Début 2017, cette arcade a fait l’objet d’une importante rénovation : le sol a été renforcé et le carrelage a été remplacé par du marbre, mettant en valeur cette enfilade d’arcades sur pilastres à chapiteaux ioniques. La loggia (à droite ci-dessous) est un des rares éléments qui de l’hôtel particulier de Gesvres, le seul qui reste des quatre hôtels qui se trouvaient ici. Celui-ci abritait paraît-il l’un des tripots les plus célèbres de la Régence.

Signe particulier du passage Choiseul ? On y trouve un théâtre, celui des « Bouffes parisiens », ou plutôt sa sortie secondaire, depuis 1857. On peut mentionner également que le premier éditeur de Paul Verlaine avait sa librairie dans le passage.

Les établissements Claude Lavrut existent encore, ils sont spécialisés dans la vente de matériel et fournitures artistiques, pour les beaux-arts, le bureau ou les loisirs. Une maison centenaire de qualité !
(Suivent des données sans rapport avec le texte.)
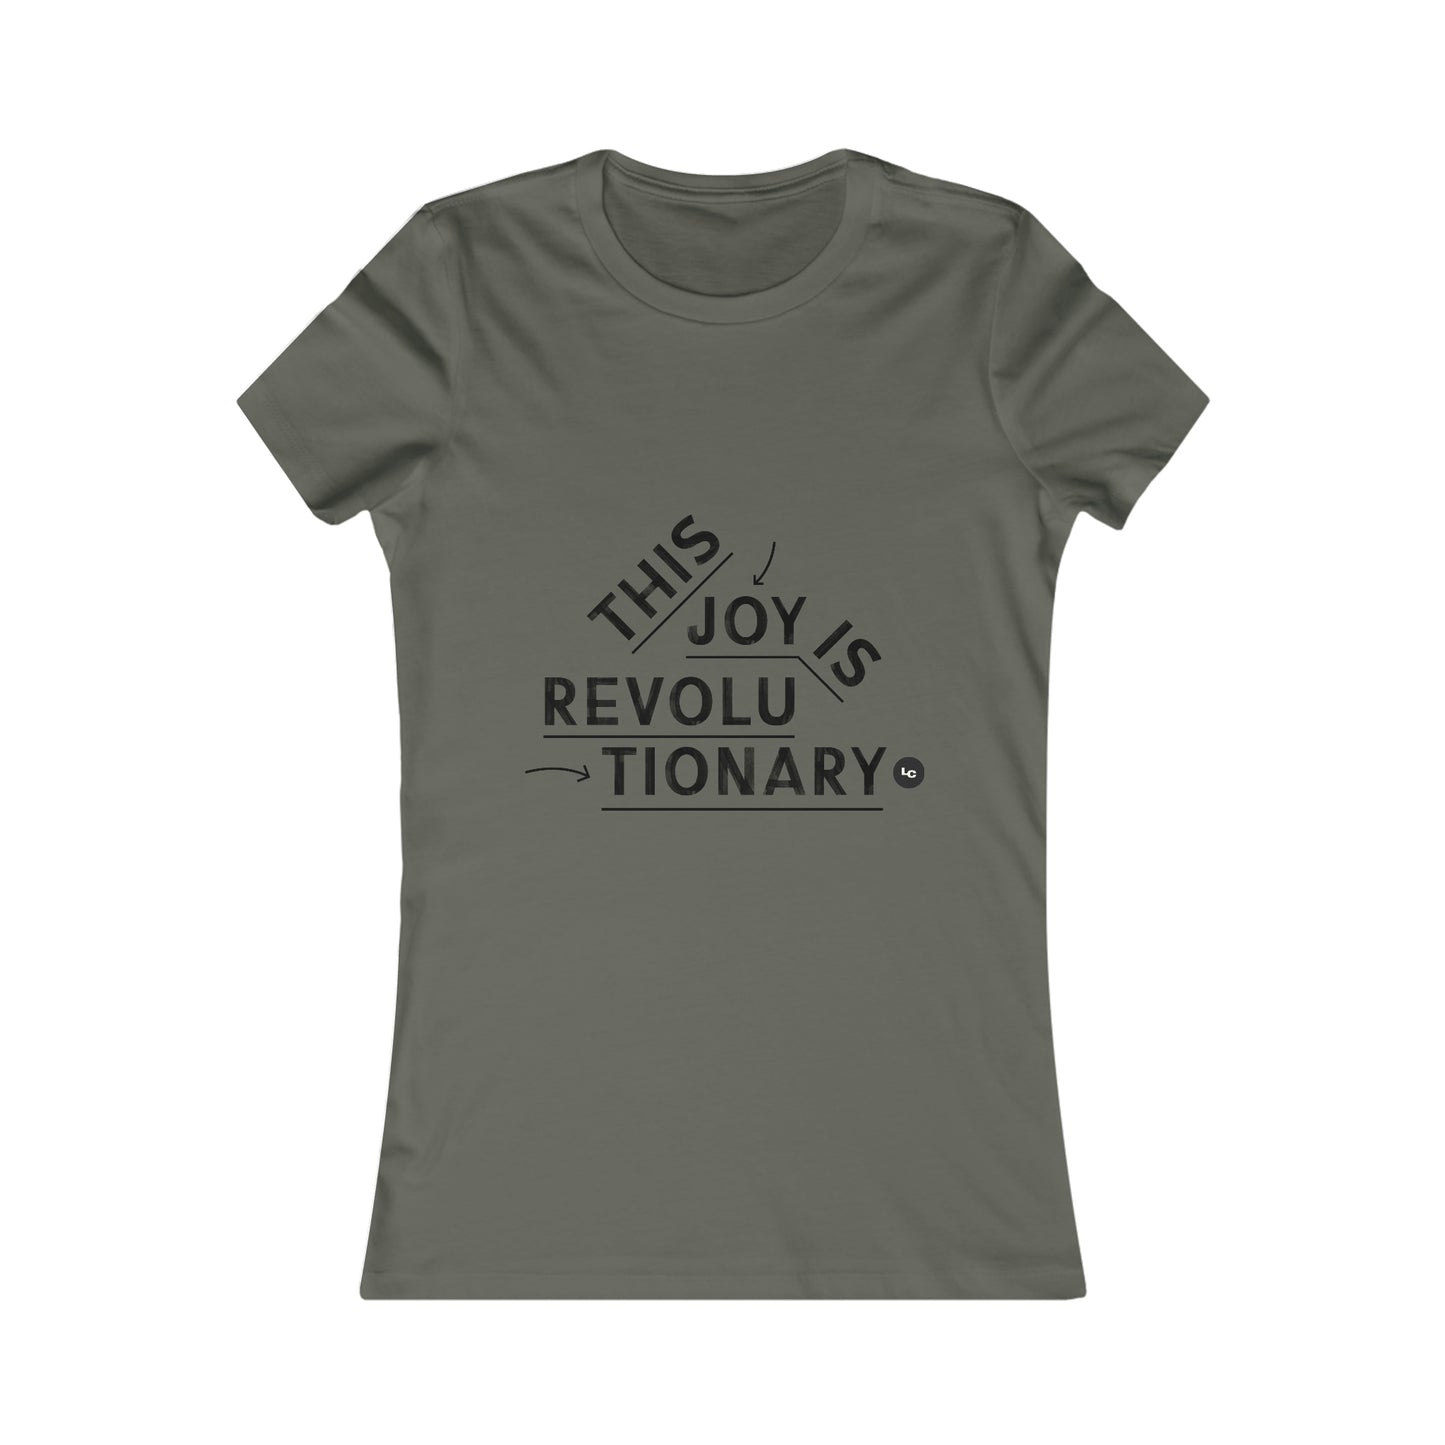 Our Joy is Revolutionary Tee

⇒ Le saviez-vous ? la maman de Louis-Ferdinand Céline avait une boutique de « nouveautés au numéro 67 dans ce passage, et il y vécut enfant de 1899 à 1907. Il l’évoque même dans son livre « Mort à crédit », l’appelant « passage des Bérésinas »
Dans le quartier de Montorgueil
Le passage du Grand-Cerf
C’est une des plus hautes galeries parisiennes, surplombée d’une magnifique verrière, construite à la place du terminus des diligences des messageries royales, une maison qui s’appelait « roulage du Grand cerf », et qui fut détruite en 1825. Il est assez long, 113 mètres, avec de jolies boutiques à l’intérieur, dont deux merceries / vente de laine.
Deux trophées couverts de toiles d’araignées et de poussière, un cerf et un sanglier, accueillent le promeneur, indifférents …. je me demande depuis combien de temps ils sont accrochés là ….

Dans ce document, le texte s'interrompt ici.